I agree totally! I am disgusted by the clothes I see in stores.

I mean honestly, what is the point of baring your tummy when your torso is shaped like an apple - little girls don't have waists and hips! They don't have breasts so why the halter tops? It's crazy! So you end up with nine year olds who are worried about their "figure" (uh, I thought you had to go through puberty to have a "figure"!) and their body shape (pre-teens wanting breast implants? plasic surgery?) and it's just all so sick, leading to eating disorders and poor selfimage b/c they can't possibly look the way they expect to in these clothes (ie. like Brittney!).

Then you've got the whole concept of sexuality. Girls need to learn about it, how to handle it, etc but I don't think this is acheived by dressing them like tarts. Thing is, you can be *very* sexy in a classy way. You can show off your figure (and you might as well when you're young and have a great body) in ways that aren't cheap, you don't need to reveal everything. Girls need to understand the difference between the good kinds of attention and the bad kinds of attention: too many of them think any kind of attention is good, and they know they get it when they dress like slut-bunnies.

I really want my DD to understand the difference between SEXY and SLUTTY. There's class and there's trash and the stuff they are marketing to kids these days is just TRASH!!


----------



## lilyka (Nov 20, 2001)

It is wierd for me because with mny oldest two I go between showing off the baby rools with lily to trying to find a few modest outfits for Madeline. It is wierd because I think halters and short dresses are only appropriate for the very young. with bellys and bloomers to show off. Now we are getting to the point where I don't feel comfortable with madeline (almost 7) wearing a two peice or short dress. I don't like her running around in her swimsuit. Shopping for clothes this fall was a nightmare. Black lace see through shirts, minu skirts, flared lowrise jeans (she is short and still a little chubby in the middle - flares and lowrise are not a good look for her) and what is up with shoes. In my baby's size - infant 2 - all I could find was platforms. we are talking about kids who either aren't walking or just getting the hang of it and they are selling them platforms.

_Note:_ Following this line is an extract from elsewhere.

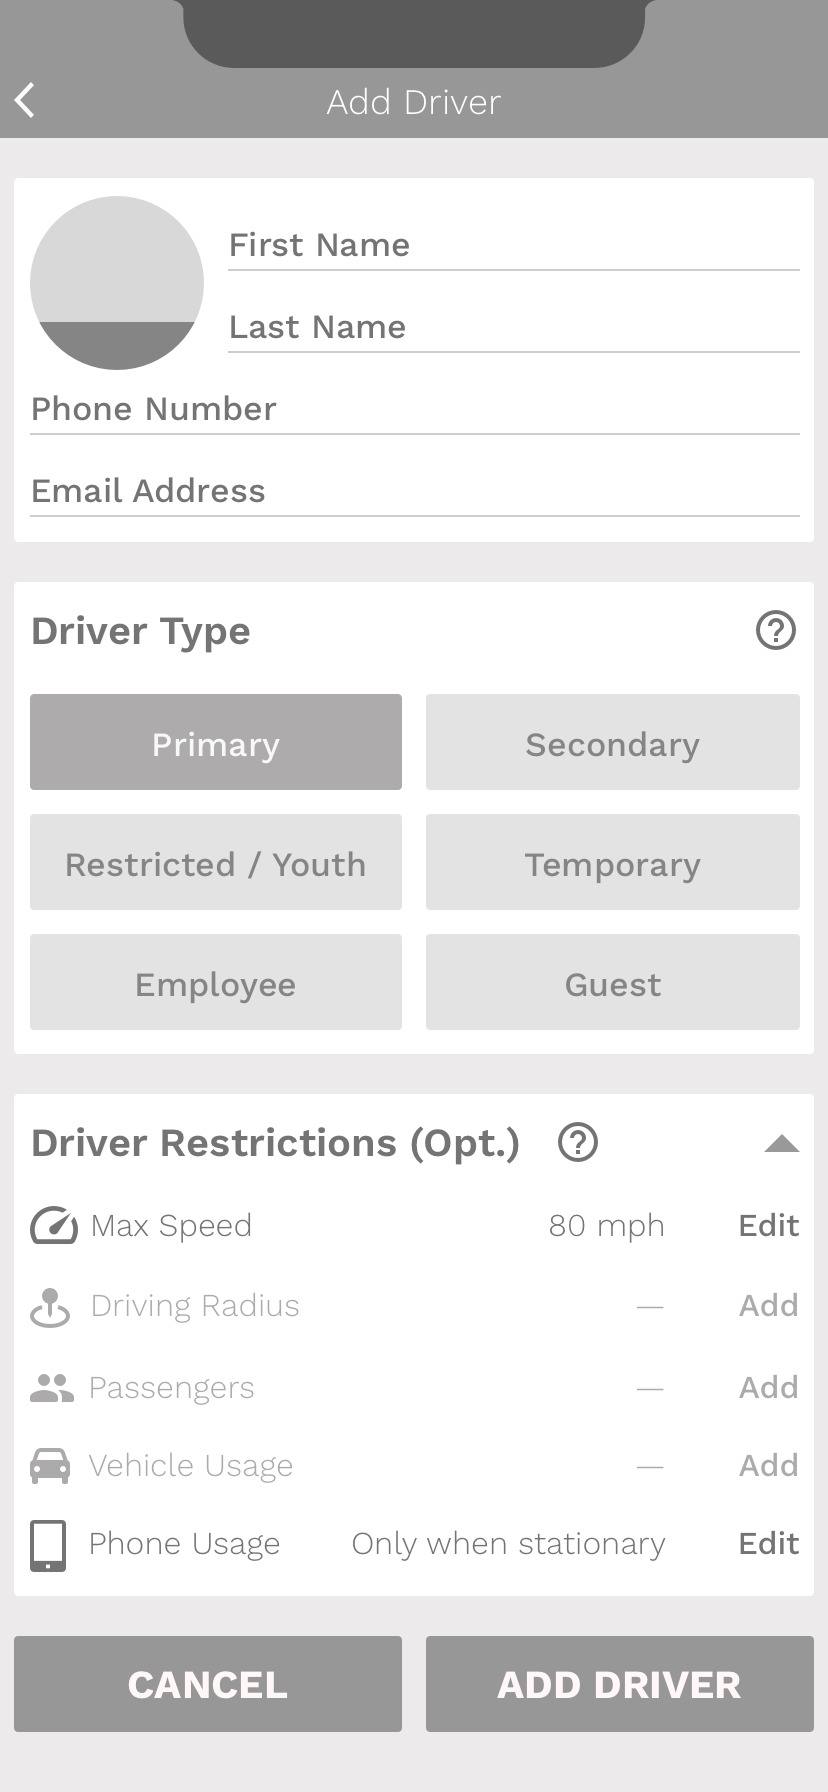 Add-Driver-Wireframe-Restrictions-Dropdown-v1

aggghhh! I could go on all day about this. The best places to shop are Hannah Anderson (dh hates thier stuff and refers to it as "the mumu store" but ilike them draped in mumus over kinderwhore wear) gymboree (now in XXXL woohoo!!) and occaisionally Gap and Old navy have some decent stuff (check the racks behind thier kinderwhore sections). Lands in has nice stuff too.

The all time worst that I have seen (and there are just some stores we don't go into so this may seem mild) was a denim skirt, above ankle lengtj. we thought we had finally found something decent and then we noticed thier was a split all the way up to the crotch. size freaking 7. I don't think the desighners relize who they are making these clothes for really. I used to work at Kohls (where we found the offending skirt) and there was one line of clothing that stood out as little girl stuf in the 7-16 size range . Healthtex. And we used to comment everytime how the manufacturers just didn't get it who would want to wear something so babyish when they are in this size. it never occured to me a 5 or 6 year old would be in those sizes. And even as dd grows that is still the exact sort of clothing she wears (as a matter of fact a big cheer goes up every time we score some of that healthtex stuff on the clearance rack :LOL) It would appear they are the only ones with a clue.


----------



## momatheart23 (May 25, 2002)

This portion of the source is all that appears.